Introduction to the LLM xpack
The LLM xpack provides you all the tools you need to use Large Language Models in Pathway. Wrappers for most common LLM services and utilities are included, making working with LLMs as easy as it can be.
You can find ready-to-run LLM and RAG examples on our App Templates page.
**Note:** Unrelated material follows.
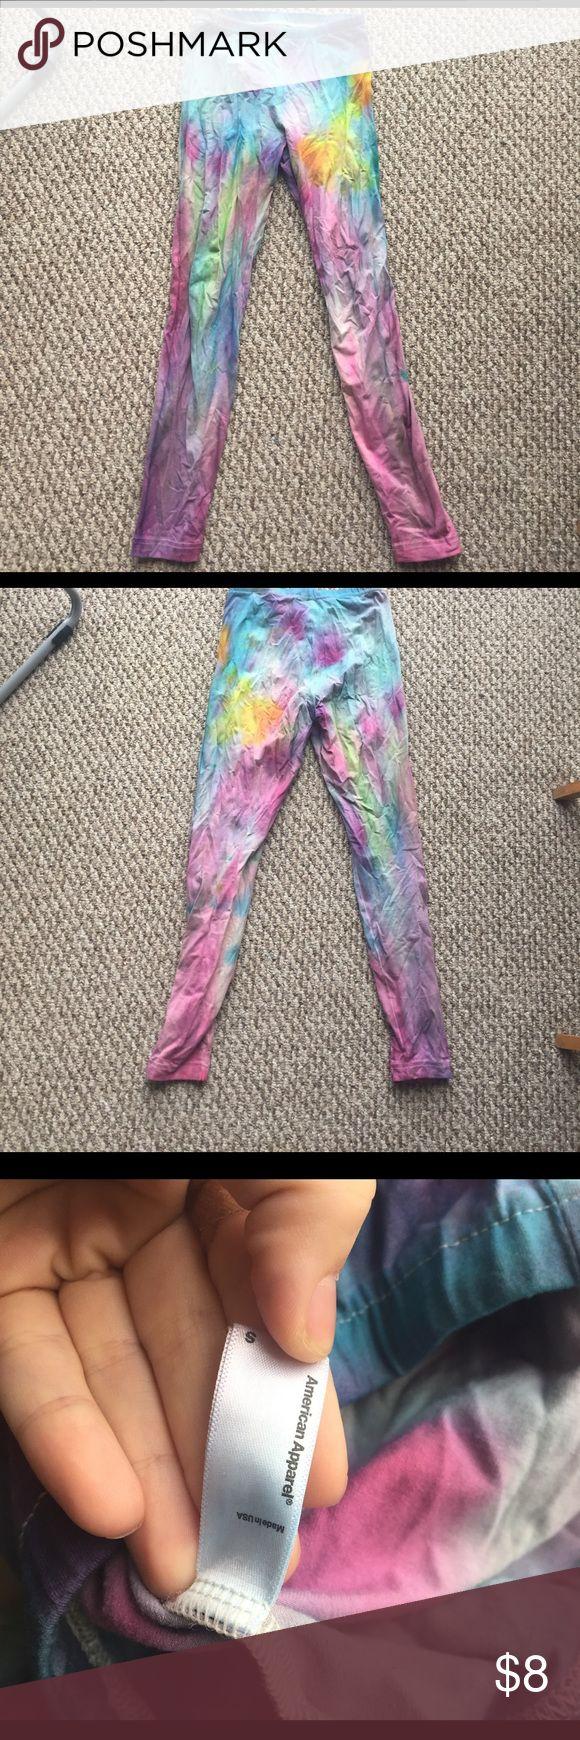 American Apparel tye dye leggings AA tye dye leggings American Apparel Pants Leggings

In order to install Pathway along with LLM xpack functionality simply run:
`pip install "pathway[xpack-llm]"`
or
`pip install "pathway[all]"`
Wrappers for LLMs (LLM Chats)
Out of the box, the LLM xpack provides wrappers for text generation and embedding LLMs. For text generation, you can use native wrappers for the OpenAI, HuggingFace models, Cohere and LiteLLM (which enables you to use many other popular models, including Azure OpenAI, HuggingFace (when using their API) or Gemini.
To use a wrapper, first create an instance of the wrapper, which you can then apply to a column containing prompts. More information about the other wrappers and how to use them on the LLM Chats page
.
Creating a Pathway LLM pipeline
You can now combine these wrappers to create an LLM pipeline using Pathway. To learn how to do this, read our tutorial.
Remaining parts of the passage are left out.